Jan 04 18:04:03 Vero4K kernel: aml_spdif_dai: share the same clock
Jan 04 18:04:03 Vero4K kernel: aml_audio_hw: IEC958 PCM32
Jan 04 18:04:03 Vero4K kernel: hdmitx: audio: aout notify rate 44100
Jan 04 18:04:03 Vero4K kernel: hdmitx: audio: aout notify size 32
Jan 04 18:04:03 Vero4K kernel: hdmitx: audio: no update
Jan 04 18:04:03 Vero4K kernel: aml_snd_m8_card aml_m8_snd.46: i2s/958 same source
Jan 04 18:17:58 Vero4K systemd[1]: Starting Cleanup of Temporary Directories…
Jan 04 18:17:58 Vero4K systemd[1]: Started Cleanup of Temporary Directories.

sudo journalctl -b -1 is the most recent start, it gives me logs from 21:20 with “high ping” to the NAS (as said, this is only during the WOL and shortly after the NAS is fully started up).

I cannot find anything else in the logs.

I have now enabled Debug- and Event-Logging and will wait for the next crash… Hopefully we will be able to get some more information.

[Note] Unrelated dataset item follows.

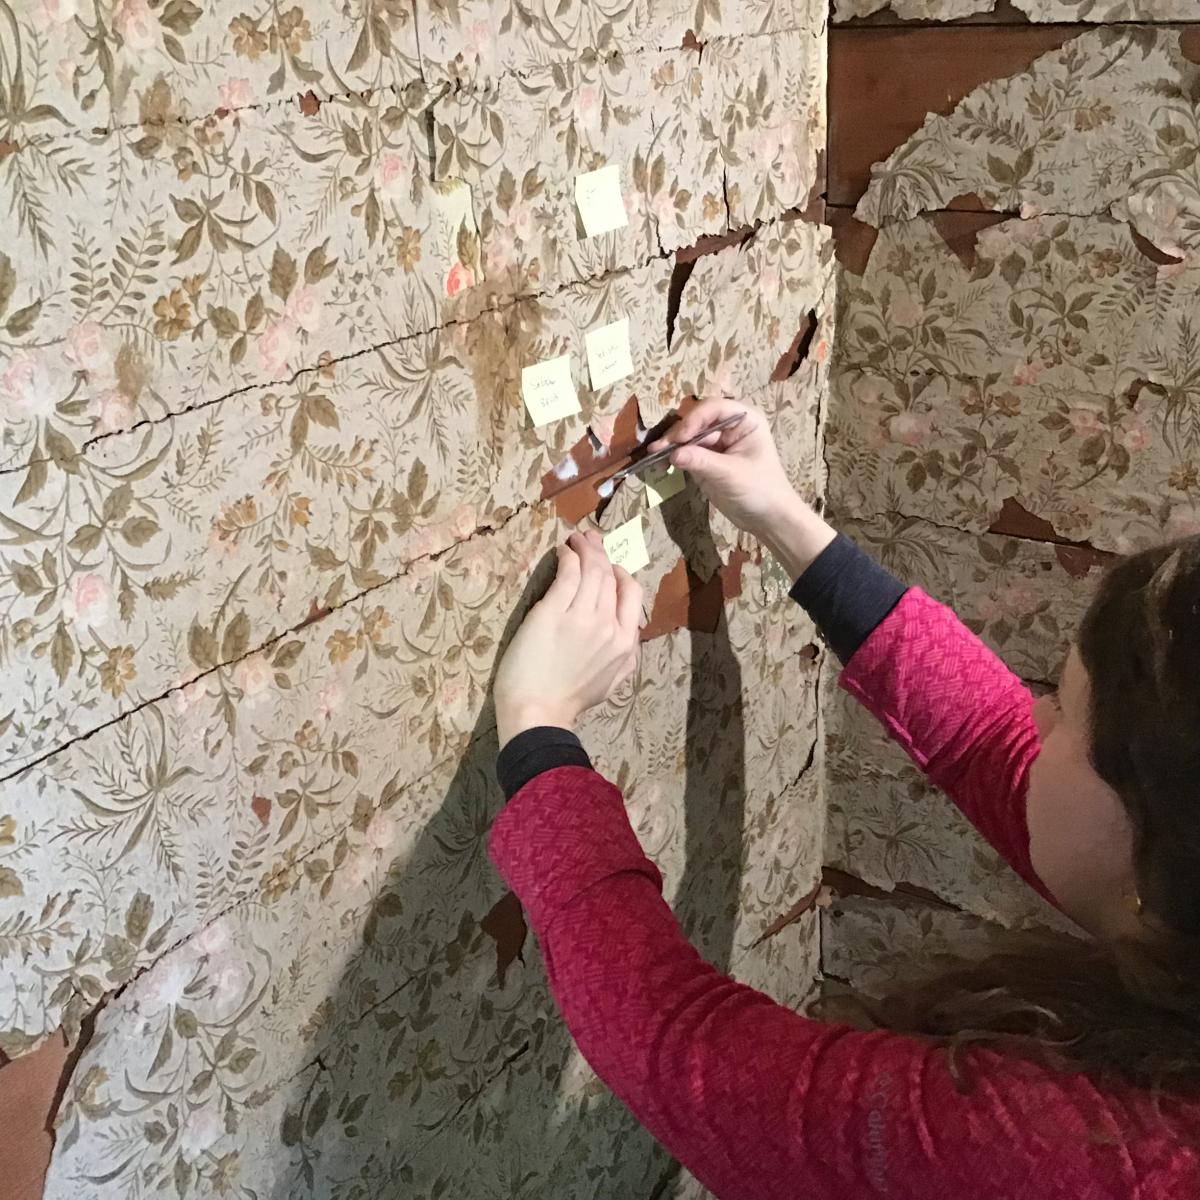 Hilary LeFevere is sitting on the floor, adhering small pieces of Japanese tissue to the original wall boards, using sticky notes to label different materials.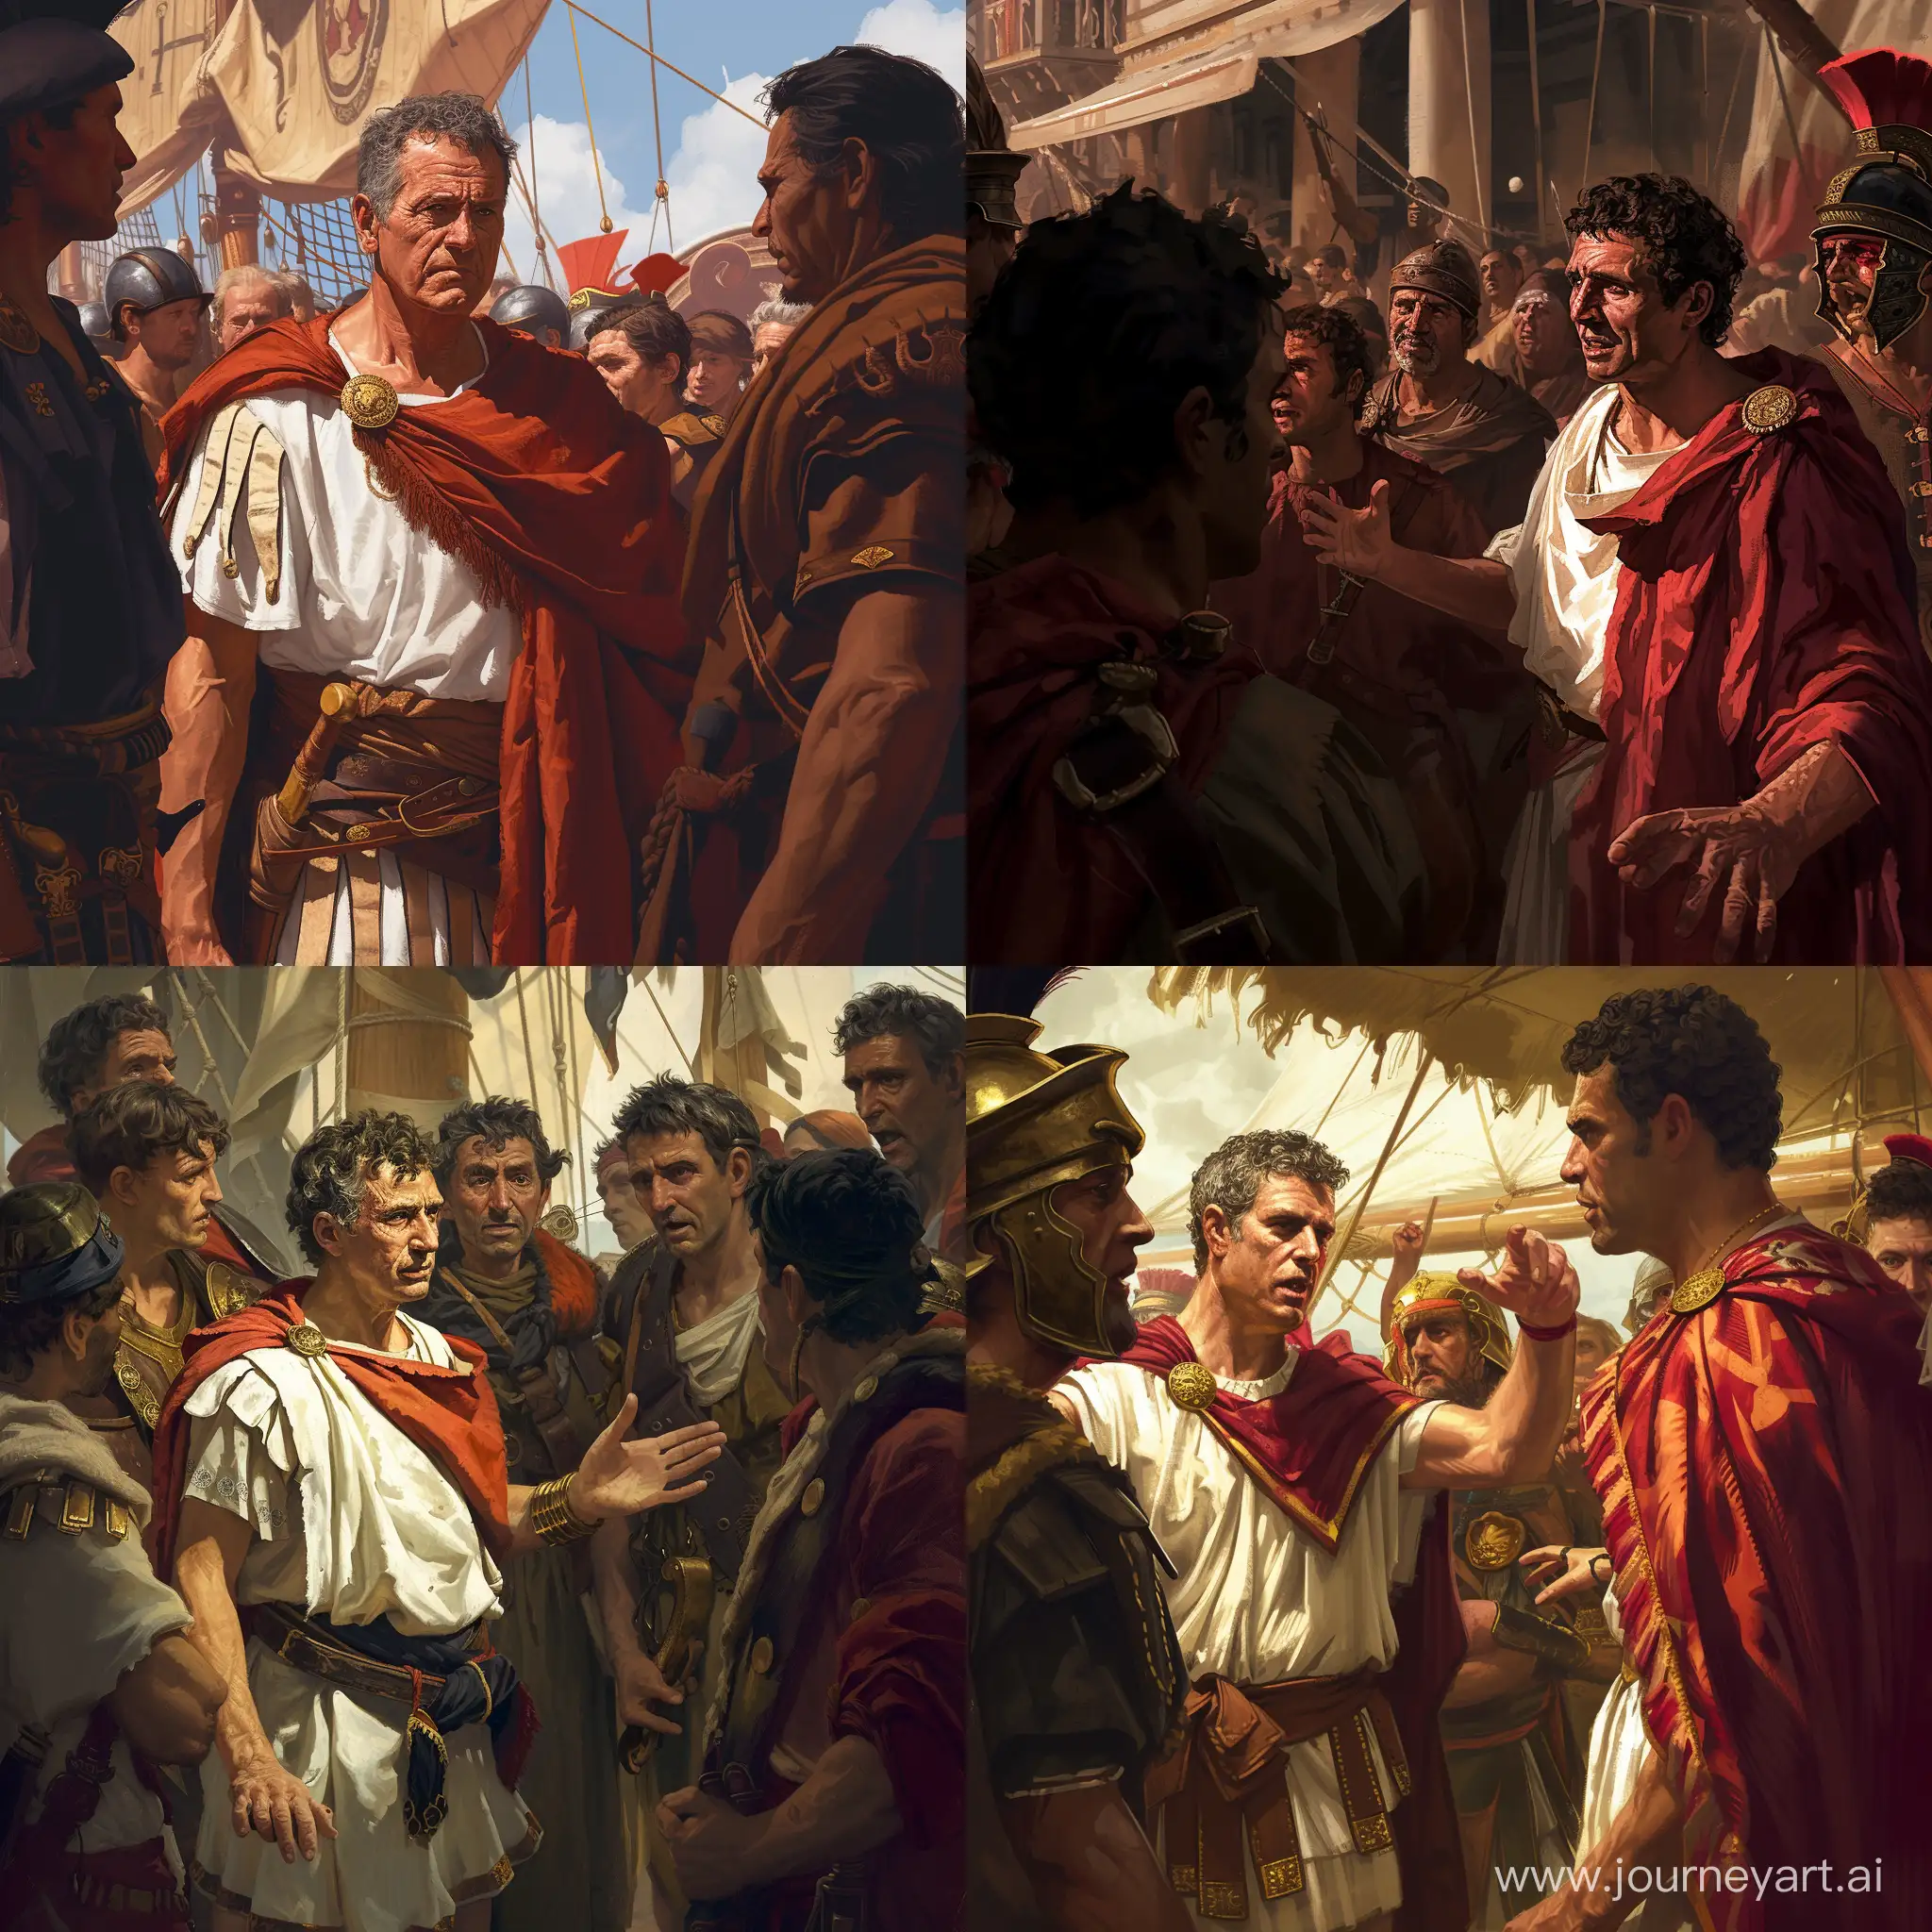 Illustrate the historic moment when julius caesar Insulted by the initial ransom demand confidentlydemands more talents from the pirates,adding a touch of his highhanded demeanor. Make the scene hyperrealistic

dillthedog · 4 January 2018 21:13

Never say never…

Remember, 195 RX packets dropped on the eth0 interface. I just checked my V4K:

eth0      Link encap:Ethernet  HWaddr b8:27:eb:00:be:f9  
          inet addr:192.168.8.32  Bcast:192.168.8.255  Mask:255.255.255.0
          UP BROADCAST RUNNING MULTICAST DYNAMIC  MTU:1500  Metric:1
          RX packets:9260137 errors:0 dropped:14 overruns:0 frame:0
          TX packets:2388054 errors:0 dropped:0 overruns:0 carrier:0
          collisions:0 txqueuelen:1000 
          RX bytes:11070066885 (10.3 GiB)  TX bytes:1299177497 (1.2 GiB)
          Interrupt:40

14 RX packets dropped.

Here’s another machine:

eth0      Link encap:Ethernet  HWaddr 52:54:00:36:99:0c  
          inet addr:192.168.8.12  Bcast:192.168.8.255  Mask:255.255.255.0
          UP BROADCAST RUNNING MULTICAST  MTU:1500  Metric:1
          RX packets:27185072 errors:0 dropped:1 overruns:0 frame:0
          TX packets:30329866 errors:0 dropped:0 overruns:0 carrier:0
          collisions:0 txqueuelen:1000 
          RX bytes:34631264405 (32.2 GiB)  TX bytes:23748833210 (22.1 GiB)

Uptime in both cases is 14 days (power outage). These are much closer to what I’d expect to see.

I don’t know what Netflix will be using but I’d expect that with gigabit LAN it wouldn’t even break into a sweat. Something else will be causing the dropped packets. As @ActionA says, try a different cable or a different port on the switch. Also beware of broadcast storms.